» What the exercise asks
As output, give the exact lines from the one containing "Devon & Jones" through the end of the listing below, both included, without the pictures.

» Stored data
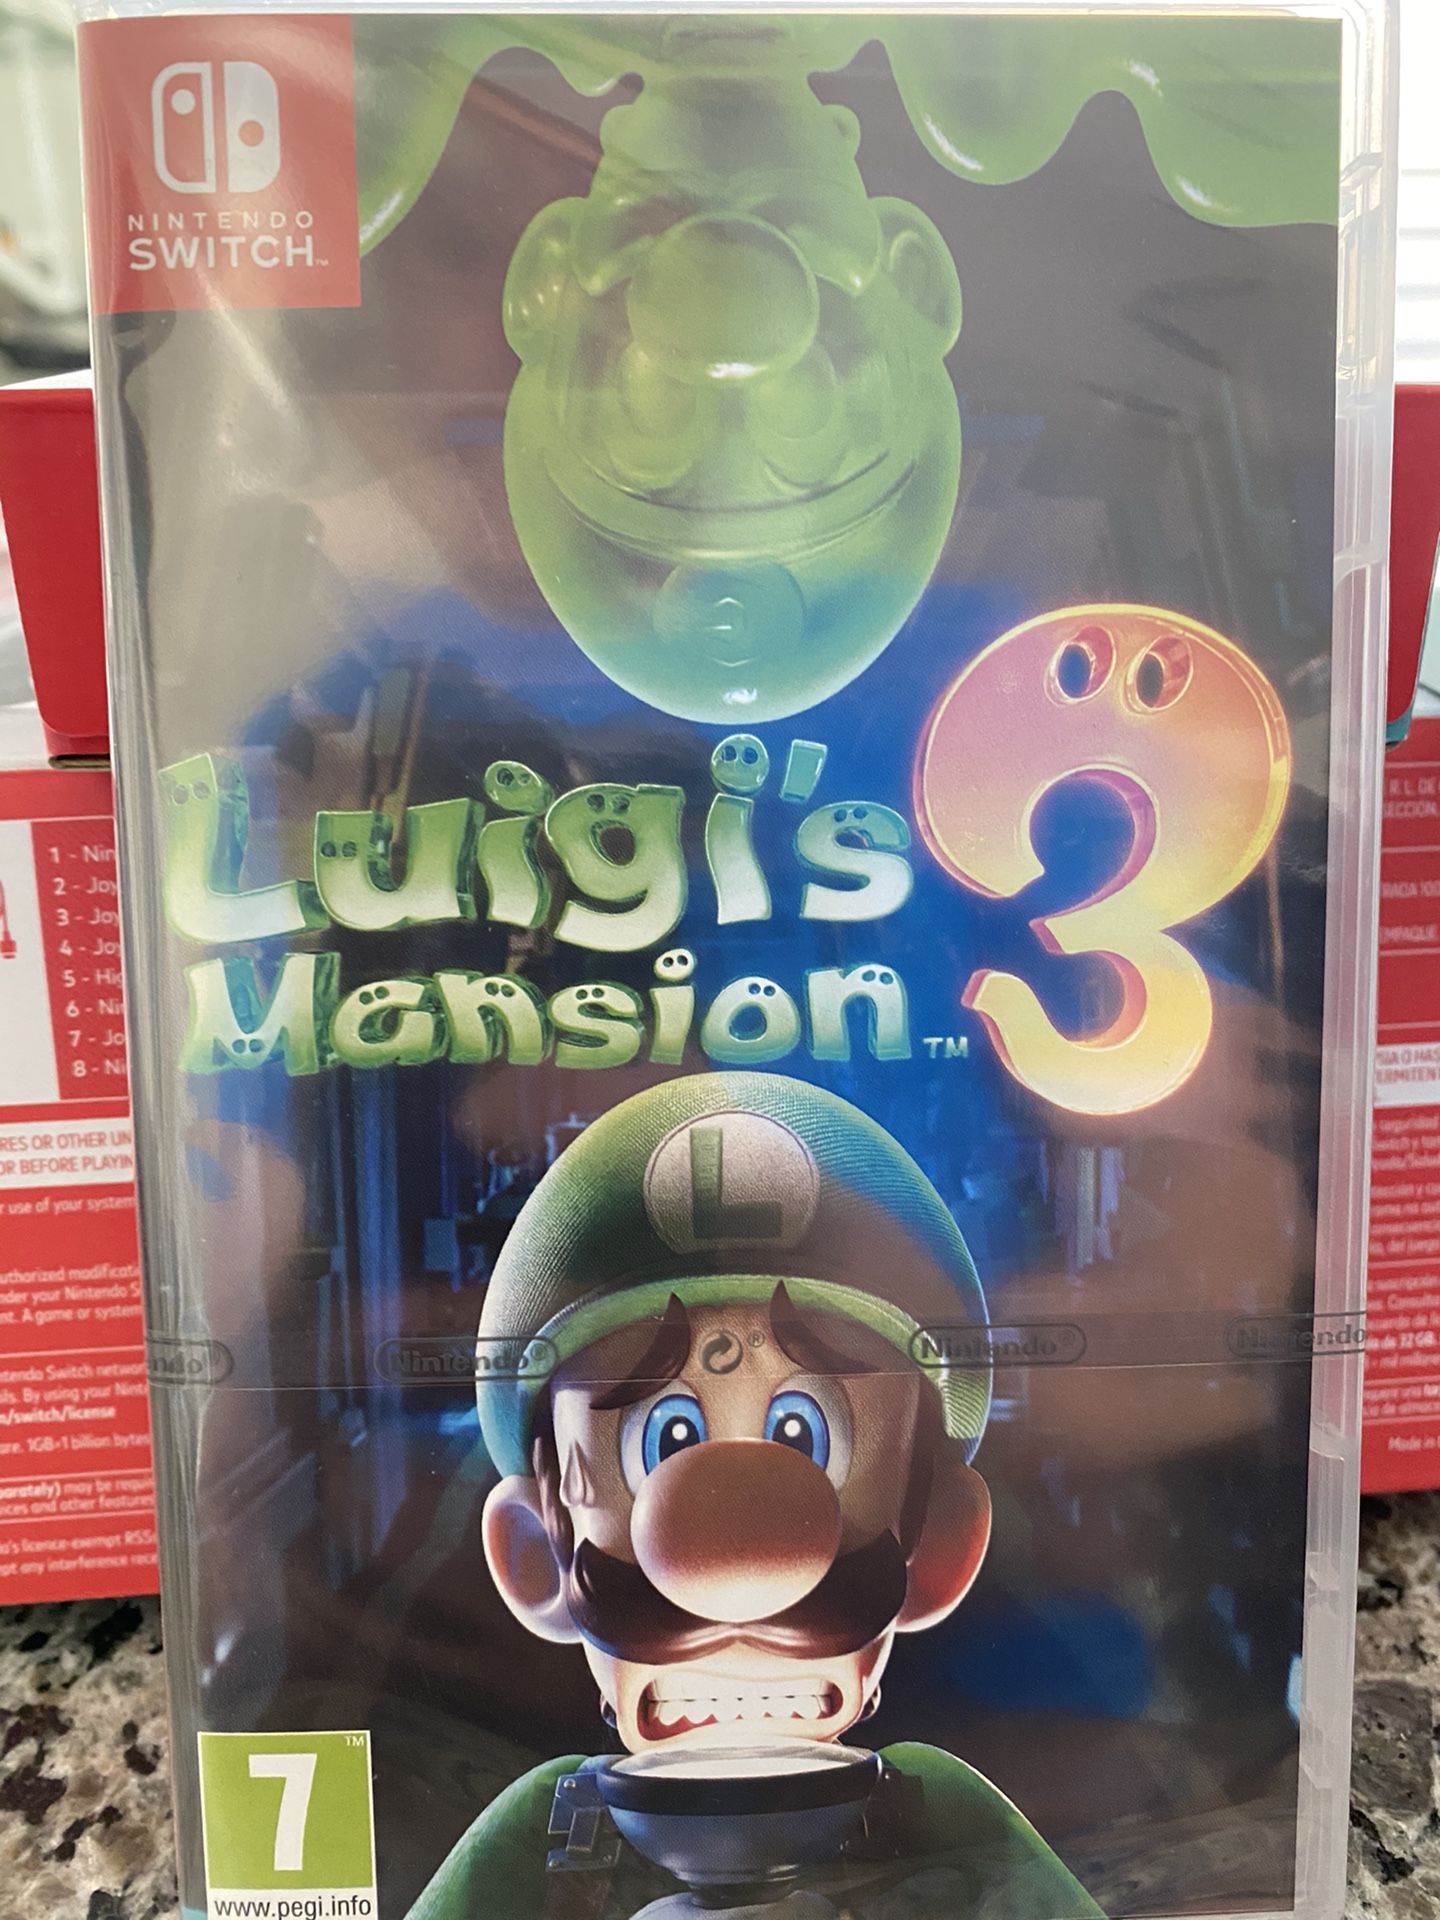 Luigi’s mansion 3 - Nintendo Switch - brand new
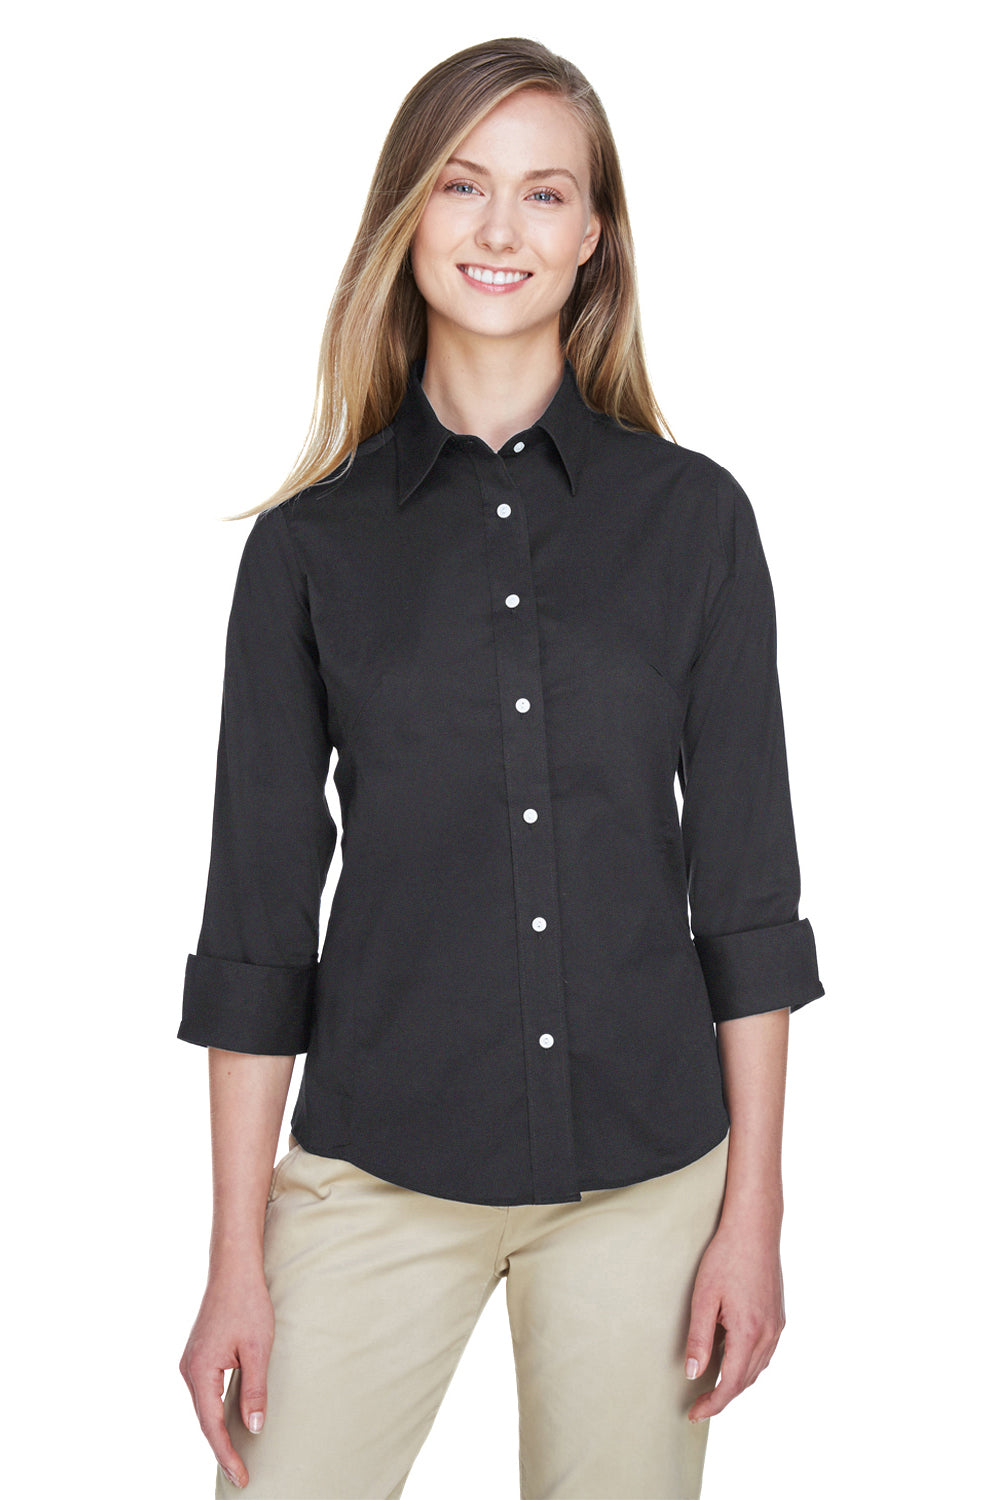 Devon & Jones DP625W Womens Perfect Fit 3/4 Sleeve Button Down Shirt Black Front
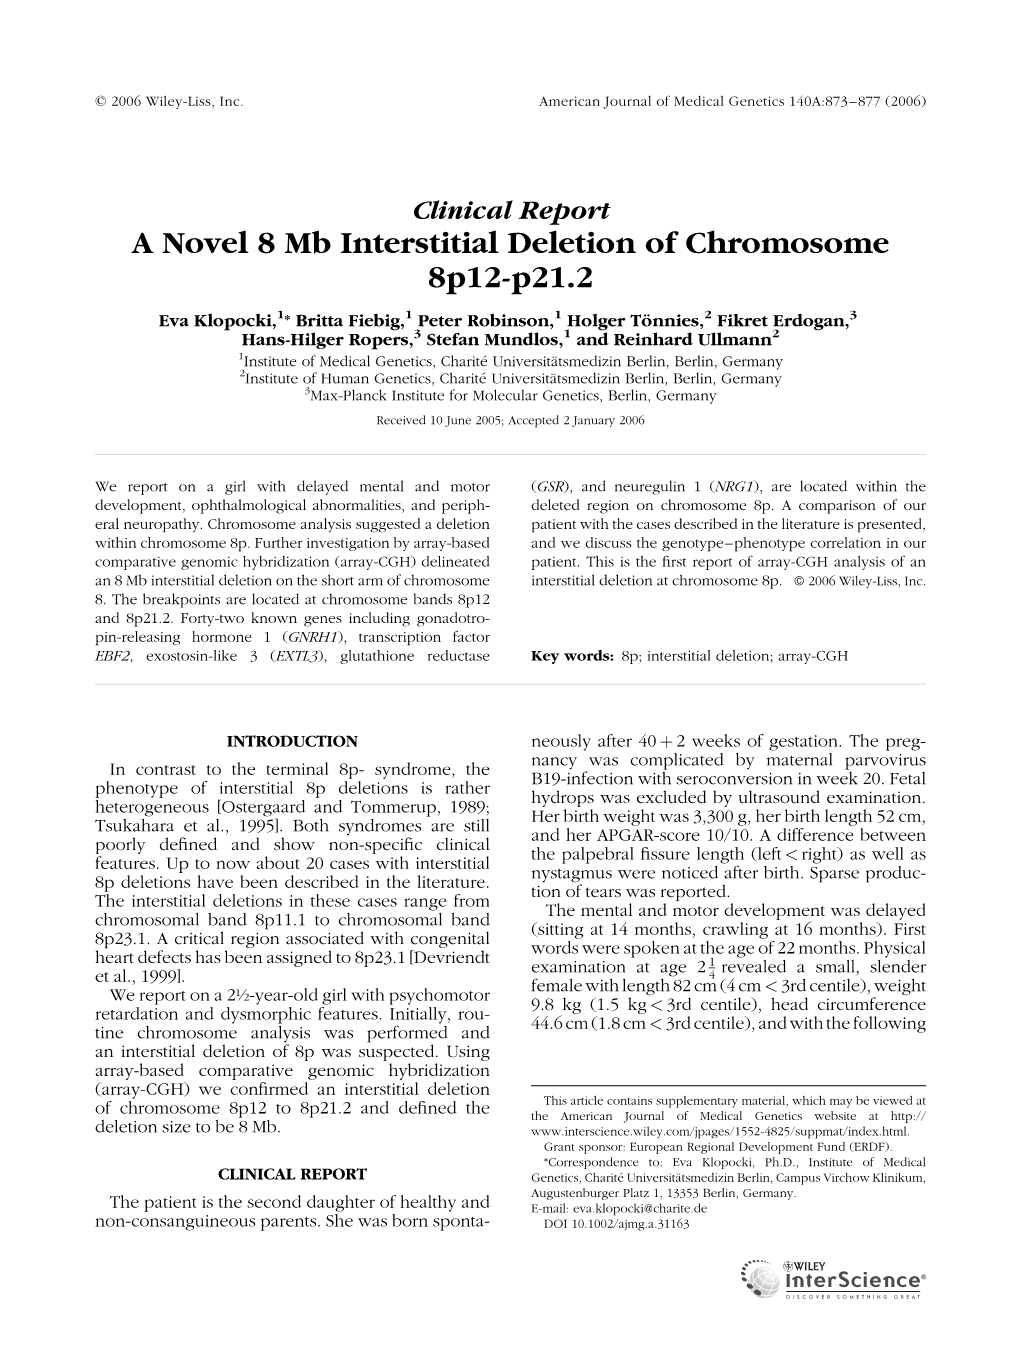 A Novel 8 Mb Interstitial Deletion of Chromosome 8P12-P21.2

» Reply
 Devon & Jones DP625W Womens Perfect Fit 3/4 Sleeve Button Down Shirt Black Front
 A Novel 8 Mb Interstitial Deletion of Chromosome 8P12-P21.2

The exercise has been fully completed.